Early in 1877 two newcomers would challenge the hegemony of “The House” in Lincoln County in league with Chisum. With financial backing from Chisum, Alexander McSween from Scotland and John Tunstall from England set up a store, J. H. Tunstall & Co, along with a bank, in opposition to the domination of “The House.” In the modern world that would merely initiate business competition, but the frontier New Mexico territory was decidedly not the modern world. Disputes there were most often settled with the help of Samuel Colt. The territory accounted for 15 percent of the murders in the United States in the 1870s even though they had less than 3% of the population. And the fact that the Irishmen running “The House” would identify these British interlopers with the ruling class that kept their people down in Ireland only increased the likelihood the business competition would be settled with bloodshed.

Given his Irish roots and possible fluency in the Irish language, one would have expected that William Bonney would have ended up fighting for ”The House.” He nearly did, as he joined in with an outlaw group led by Jessie Evans that was allied with the Irishmen. The gang called themselves “The Boys” and it was believed that they did the rustling that continually replenished the “miracle herd.”

(Left: John Tunstall.)

Sometime in late 1877, Billy was caught rustling some horses from Tunstall’s ranch. While in jail, he was offered a deal by Tunstall to come work for him. Tunstall and McSween were not really attempting to reform the corruption of “The House” in the county, they were merely looking to supplant them in that corrupt control. In the case of young “Bonney,” Tunstall may have thought that “turning” him might provide inside information of their rivals operations and perhaps even a witness regarding their rustling operation if they could find a court that was not controlled by “The House,” but that did not come to pass.

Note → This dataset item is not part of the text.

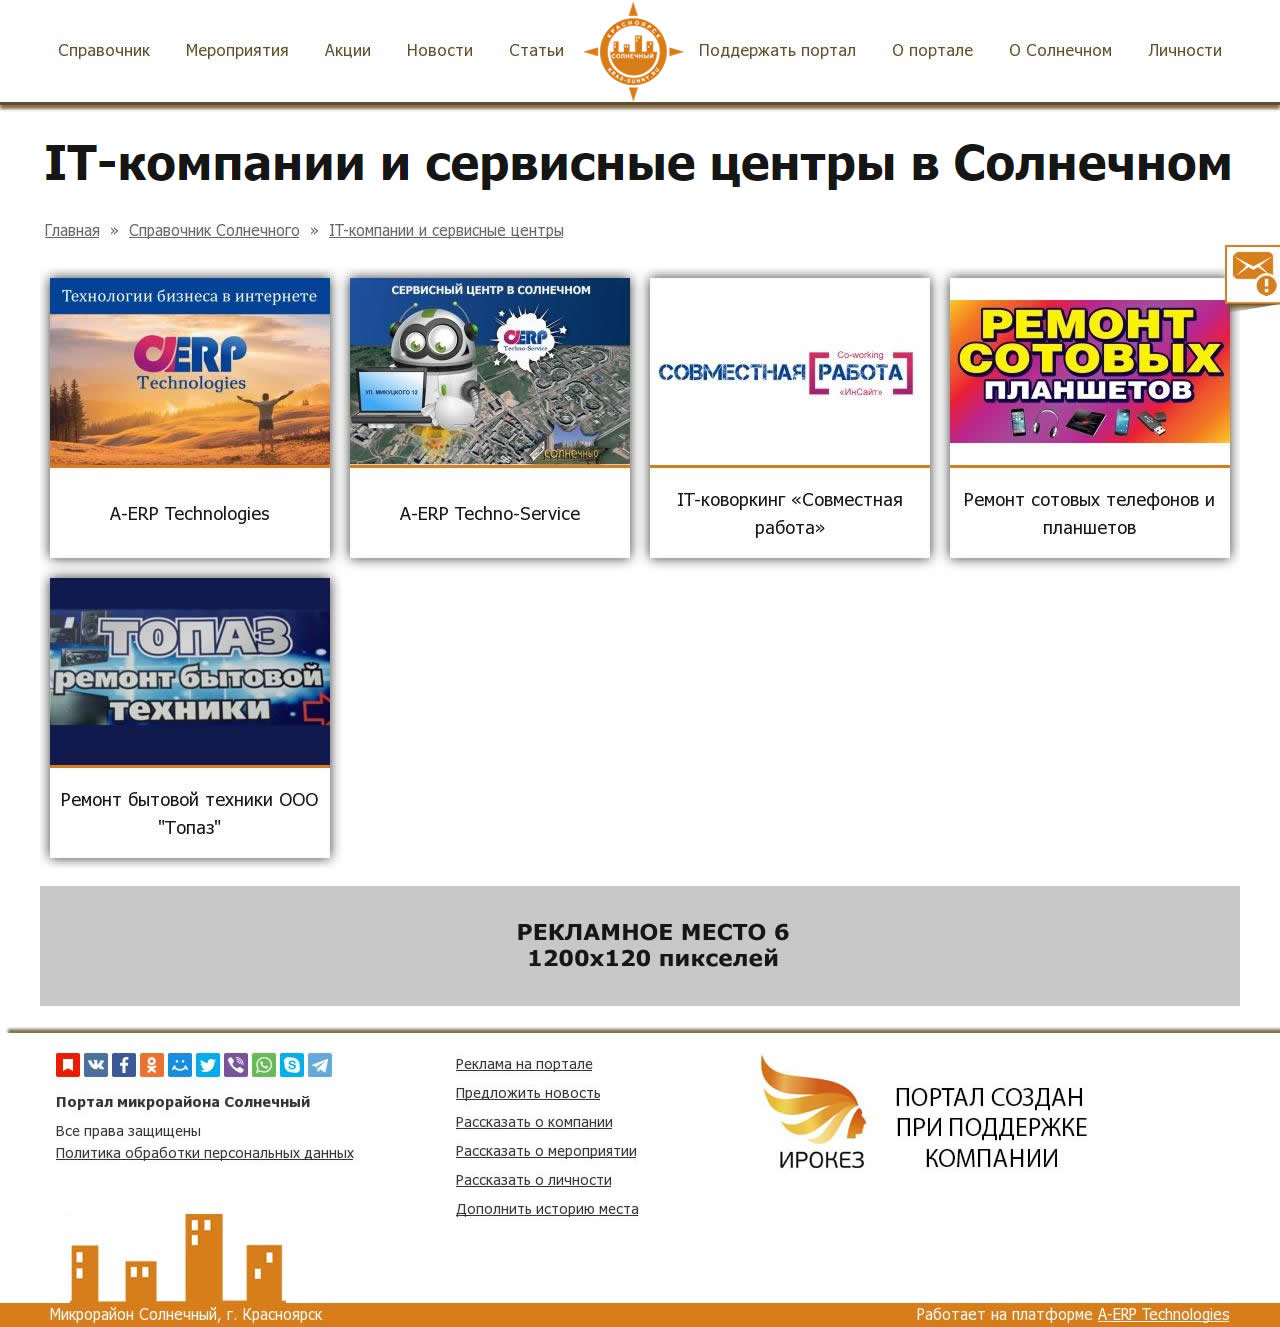 Рекламные места на страницах разделов каталогов портала Солнечный

In many fictionalized retellings of the "Billy the Kid" legend, Tunstall is portrayed as an older man who took Billy under his wing as a sort of father figure to the teenager. In fact, he was only about six years older than Billy. However, they did apparently become very good friends, so Billy may have considered him to be like an older brother. Whatever the motivation, Billy became a loyal employee and supporter of Tunstall and McSween.

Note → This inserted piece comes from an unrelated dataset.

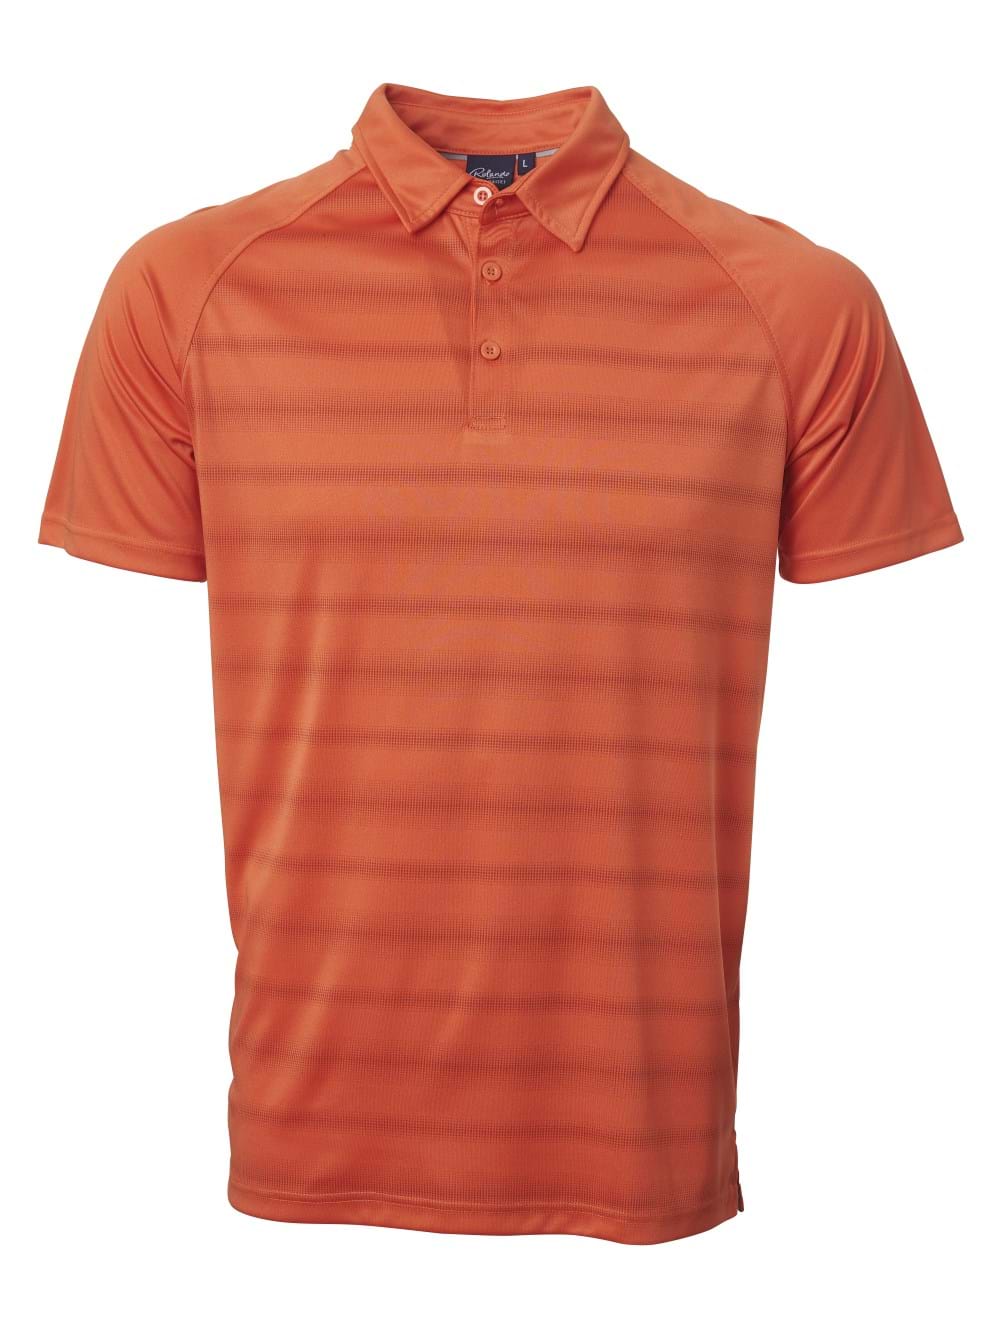 Pivot Golfer - Orange / L

The beginning of the conflict was non-violent, with “The House” getting one of their friendly judges to issue an order to confiscate property from Tunstall and McSween based on a lawsuit against McSween, though that lawsuit would eventually be dismissed. “The House” sent the sheriff who was in their pocket, Irishman William Brady, out to collect on this court order. Perhaps Brady recalled seeing British landlords and their “home wreckers” throwing Irish families out of their homes and relished the idea of taking some sort of “revenge” on rich Englishman. The stage was set for the beginning of the Lincoln County War on February 18, 1878.

(Right: Sheriff William Brady.)

Billy and some of the other Tunstall men were a short distance away and watched Brady and his posse who had come to enforce the court order confront Tunstall. They looked on in shocked disbelief as one of Brady’s men, Buck Morton, aimed and fired his shotgun into Tunstall’s chest and then another one, Tom Hill, walked up to his prostrate body and fired a round into the back of his head.

There was little Billy and his outnumbered comrades could do at the moment other than retreat, but their time would come. Standing over the body of his friend, Billy vowed, “I’ll get some of them before I die.” It was not an empty threat. The legend of Billy the Kid would begin with the carnage arising from that vow.

(Below: The Muphy-Dolan store in Lincoln, which was later the courthouse.)

McSween got the one local government official not controlled by “The House,” Justice of the Peace John B. Wilson, to put out a warrant for Sheriff Brady and his posse. McSween formed his own posse then to enforce those warrants. They came to be known as “The Regulators.” He put Tunstall’s foreman, Dick Brewer, in charge while he and his wife headed for the mountains to hideout. Now both sides of the conflict were “legal,” but naturally neither accepted the legitimacy of the other. They were really just two armed bands vying for economic control of the county.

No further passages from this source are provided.